Шуман дорожил выше всего своей самобытностью, и ничто его не могло так уязвить, как сравнение с кем-нибудь. «Пожалуйста, – пишет он Кларе, – не называй меня Жан Полем вторым или Бетховеном вторым; за это я способен тебя ненавидеть целую минуту. Я предпочитаю в десять раз больше быть ниже других, но все-таки оставаться самим собой».
Шуман был особенно велик в малом, то есть в коротких вещах, в которых как бы сконцентрировались его творческие богатства. Он и предпочитал писать небольшие пьесы, и даже большинство его крупных произведений состоит из группировки отдельных коротких частей. В его творчестве участвовало три фактора: Шуман – человек, поэт и музыкант; первый привносил искренность чувства и глубину мысли; второй украшал написанное неисчерпаемым богатством фантазии и блестящим юмором, третий скреплял все печатью гения и оригинальности. Те слова, которые Шуман прилагает к Шуберту, могут быть сказаны и про него: «Он находил созвучия для тончайших ощущений и мыслей, событий и положений. Как в тысячу различных лучей преломляются человеческие думы и чувства – так и его музыка. Все, на что упадет его взор, к чему прикоснется его рука – превращается в музыку; из камней, которые он бросает, встают, как у Девкалиона и Пирры, живые существа. Он был самый избранный после Бетховена и, смертельный враг всех филистеров, творил музыку в высшем значении этого слова».

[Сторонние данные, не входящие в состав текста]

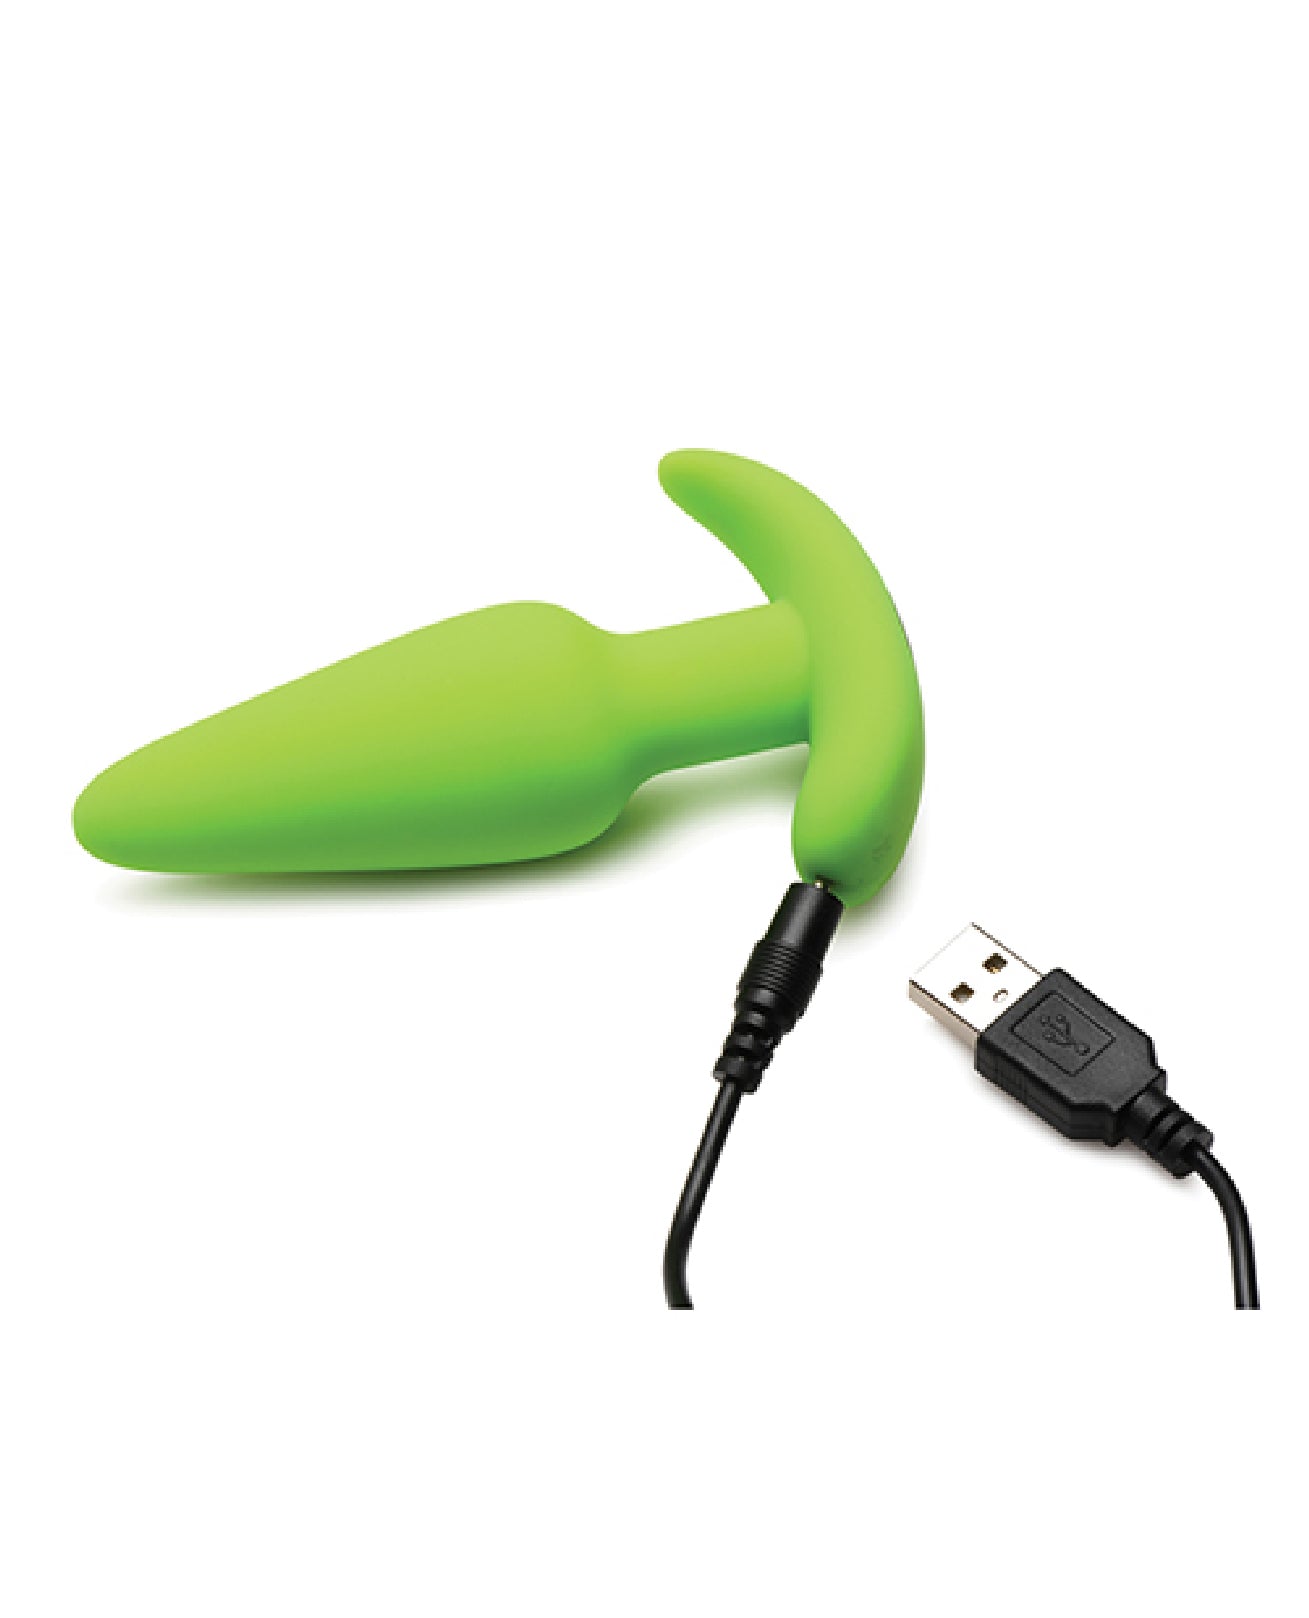 Glow in the Dark Butt Plug With Remote - Green-1

Кроме самобытности музыка Шумана отличается субъективностью: при его природной молчаливости все впечатления от событий, внешних и внутренних, которые воспринимала его глубокая душа, находили себе единственный исход в музыке, и она является для него почти исключительным способом выражения самого себя. «Я почти совсем не говорю, вечером больше, и за фортепиано больше всего», – пишет он. О своем творчестве он сообщает Кларе: «Я могу быть иногда очень серьезен, иногда по целым дням, но не беспокойся – это внутренняя работа души, мысли о музыке и сочинениях. Меня все затрагивает, что совершается в мире: политика, литература, люди, обо всем я размышляю по-своему, и все это потом вырывается наружу через музыку, через нее ищет себе исхода. Многие из моих сочинений потому так трудно понять, что они связаны с отдаленными событиями, иногда очень тесно, так как все выдающееся меня захватывает и я должен выразить это звуками. Потому меня так мало удовлетворяют новейшие сочинения, что они, кроме технических недостатков, вертятся и в музыкальном отношении на ощущениях низшего сорта, на обыденных лирических восклицаниях. Наивысшее, что среди них создается, не доходит до начала моего рода музыки. То может быть цветком, это – одухотворенное стихотворение; то – влечение грубой натуры, это – произведение поэтического сознания».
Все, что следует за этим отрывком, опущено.